Unnamed: 0,year,applicant_id,document_id,reimbursement_value_total,total_net_value,reimbursement_numbers,congressperson_name,congressperson_id,congressperson_document,term,...,issue_date,document_value,remark_value,net_values,month,installment,passenger,leg_of_the_trip,batch_number,reimbursement_values
107417,2009,1880,1701507,,22.36,3105,LUIZ PAULO VELLOZO LUCAS,141489,278,2007.0,...,2000-10-20,22.36,0.0,22.36,10,0,,,431507,
518515,2011,2303,2003049,,80.0,3554,RONALDO ZULKE,160594,515,2011.0,...,2001-02-01,80.0,0.0,80.0,2,0,,,519202,
293600,2010,1862,1895063,,29.0,3386,JOSÉ PAULO TÓFFANO,141471,378,2007.0,...,2007-07-14,29.0,0.0,29.0,7,0,,,486871,
292266,2010,1858,1811373,,76.0,3281,JOÃO OLIVEIRA,141460,61,2007.0,...,2008-03-28,76.0,0.0,76.0,3,0,,,463938,
375589,2010,995,1767225,,39.68,3218,CLAUDIO CAJADO,74537,186,2015.0,...,2009-01-18,39.68,0.0,39.68,1,0,,,450865,


In [6]:
meals.total_net_value.describe()

count    191724.000000
mean         65.758414
std          98.156313
min           0.010000
25%          24.800000
50%          46.060000
75%          85.250000
max        6205.000000
Name: total_net_value, dtype: float64

In [7]:
meals = meals[meals['congressperson_id'].notnull()]
meals.shape

(190763, 31)

In [8]:
# grouped = meals.groupby('cnpj_cpf', as_index=False)
# print('{} total cnpj/cpfs, {} are unique'.format(len(meals), len(grouped)))

In [9]:
# cnpj_cpfs = []
# names = []
# for group in grouped:
#     cnpj_cpfs.append(group[0])
#     names.append(group[1].iloc[0].supplier)

# names = pd.DataFrame({'cnpj_cpf': cnpj_cpfs, 'supplier_name': names})
# names.head()

## CNPJs/CPFs that received the most expenses in days.

In [12]:
keys = ['cnpj_cpf', 'supplier', 'issue_date']
aggregation = meals.groupby(keys)['total_net_value']. \
    agg({'sum': np.sum, 'expenses': len, 'mean': np.mean})

In [14]:
aggregation.sort_values(['expenses', 'sum'], ascending=[False, False]).head(10)

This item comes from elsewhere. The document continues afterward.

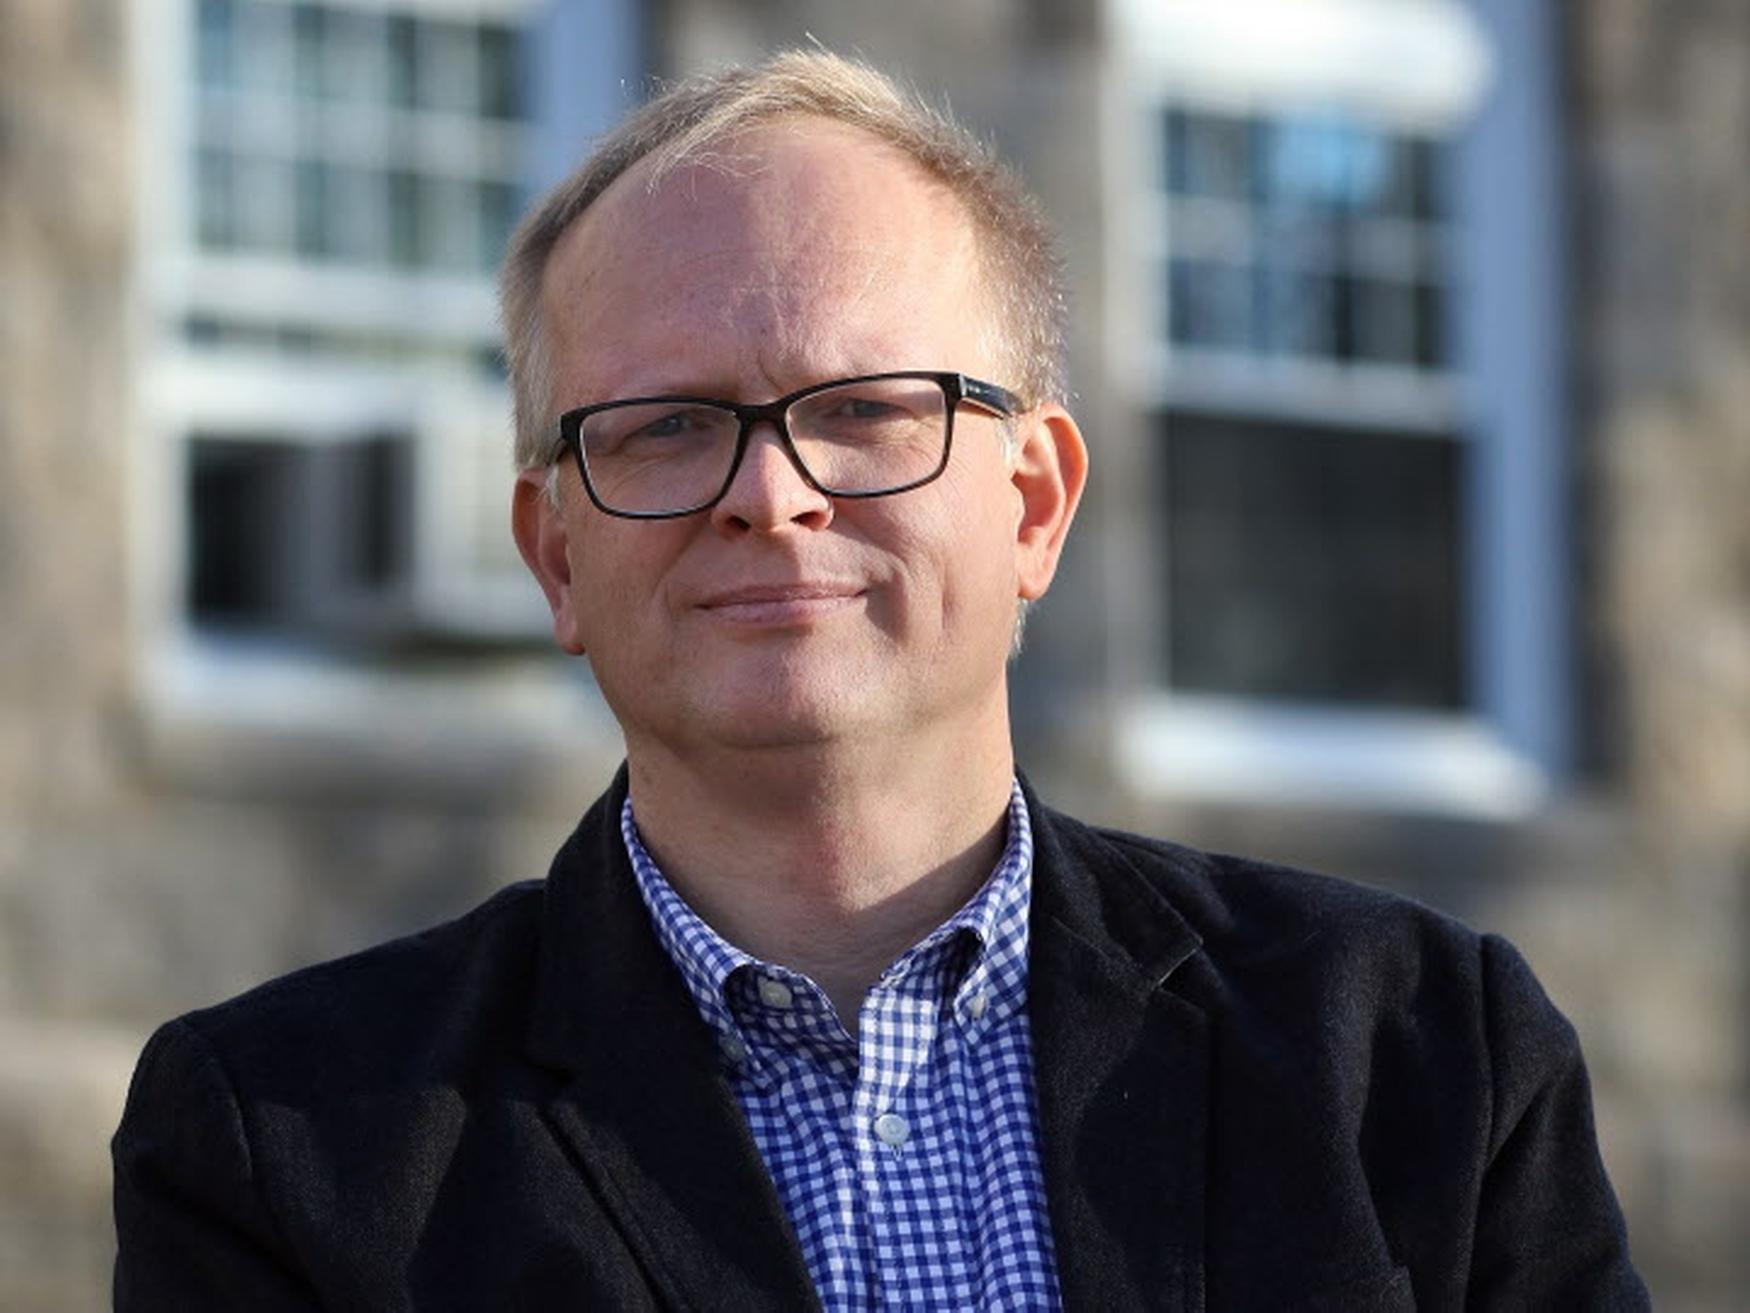 Professor Erik Loomis

Unnamed: 0_level_0,Unnamed: 1_level_0,Unnamed: 2_level_0,expenses,sum,mean
cnpj_cpf,supplier,issue_date,Unnamed: 3_level_1,Unnamed: 4_level_1,Unnamed: 5_level_1
33469172000672,SERVIÇO NAC. DE APRENDIZAGEM COMERCIAL - SENAC,2016-05-24,73.0,1755.48,24.047671
33469172001644,SENAC - COMP. ADM. CAM. DEP. ANEXO IV 10º ANDAR,2015-03-18,60.0,2745.06,45.751
33469172000672,SERVIÇO NACIONAL DE APRENDIZAGEM COMERCIAL - SENAC,2016-10-05,60.0,1590.7,26.511667
33469172001644,SENAC - COMP. ADM. CAM. DEP. ANEXO IV 10º ANDAR,2015-05-06,57.0,2647.78,46.452281
33469172000672,SERV. NAC. DE APRENDIZAGEM COMERCIAL - SENAC,2015-03-11,56.0,1024.0,18.285714
33469172001644,SENAC - COMP. ADM. CAM. DEP. ANEXO IV 10º ANDAR,2015-03-17,55.0,2462.66,44.775636
33469172001644,SENAC - COMP. ADM. CAM. DEP. ANEXO IV 10º ANDAR,2015-05-07,55.0,2414.76,43.904727
33469172000672,SERVIÇO NACIONAL DE APRENDIZAGEM COMERCIAL - SENAC,2015-07-01,55.0,1391.17,25.294
33469172000672,SERV. NAC. DE APRENDIZAGEM COMERCIAL - SENAC,2015-03-25,55.0,1257.93,22.871455
33469172001644,SENAC - COMP. ADM. CAM. DEP. ANEXO IV 10º ANDAR,2015-04-28,54.0,2358.54,43.676667


As we observe, there's a place that received 73 reimburses in one day, by now we are looking for a way to know what congressperson had lunch in those places and how many they had paid for it, in order to find if some of those congressperson had an abnormal expense.